The repository includes the following features:
- The main scripts
AL_cycle.py
andAL_selection.py
, which contain functions that can be used to execute an active learning cycle with the specified parameters and to compare the performances of different query strategies. - The
activelearning/queries
folder contains the different query strategies that are implemented, both for the pool based and stream based scenario. More detail on this below. - The
activelearning/utils
folder contains helper functions for the main scripts and examples. - The
examples
folder contains some demostrative notebooks to show how the main features work. - The
docs
folder contains additional documentation.
The repository is setup us as a poetry project and by default requires Python 3.10 or later. To install the repository you can follow these steps:
First, install poetry
if you haven't already, as indicated by the instructions on the Poetry installation page.

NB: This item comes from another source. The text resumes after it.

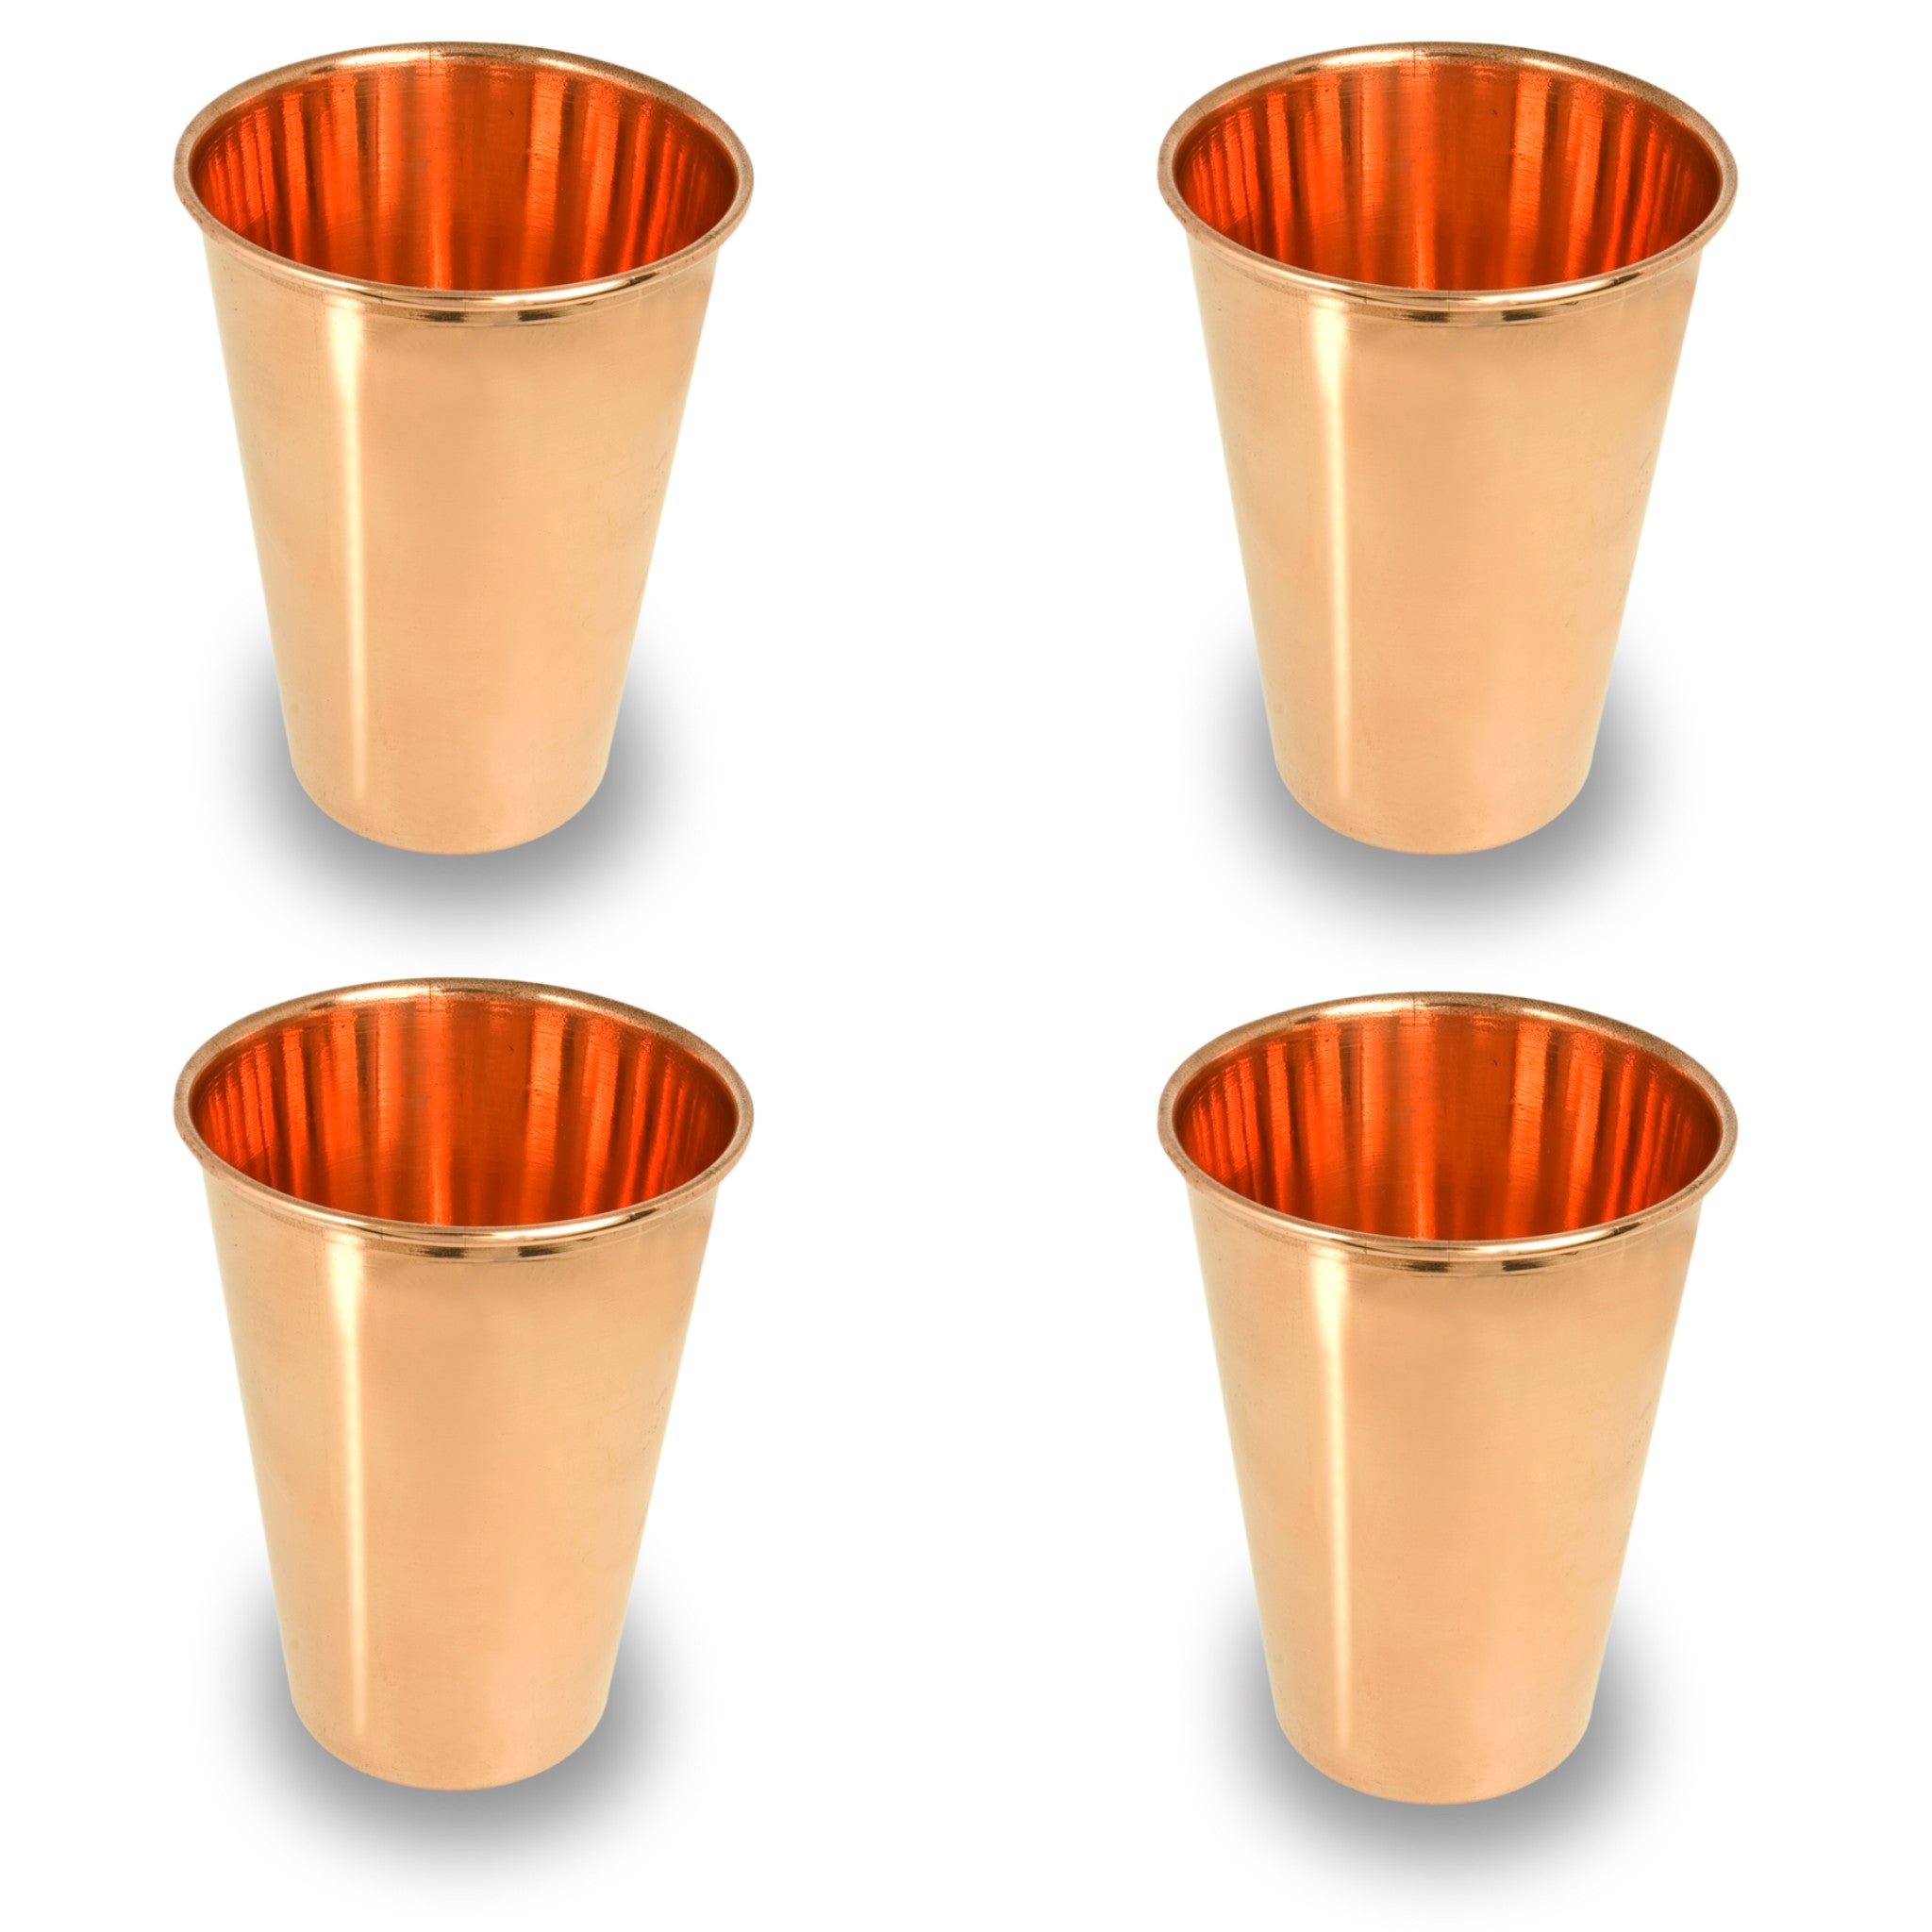 Ayurvedic pure copper drinking cups

Then, clone the repository to your local machine using the following command:
git clone https://github.com/orobix/active-learning
cd active-learning
Use Poetry to install the project dependencies:
poetry install
Finally, activate the virtual environment created by Poetry:
poetry shell
Active Learning aims to save time and labeling costs by reducing the amount of labeled data required to train models, as annotation is often an expensive and laborious task. The solution is iteratively selecting a small set of the most relevant samples from unlabeled data, and querying an oracle for their label. This can allow to train a model with high accuracy while spending less resources on the construction of the dataset.
For example, when using a random forest classifier on the Iris dataset, and randomly choosing one instance to be labeled at every iteration, it's possible to reach the same accuracy that the model would have when using the whole training set (96%) with only 12 data points.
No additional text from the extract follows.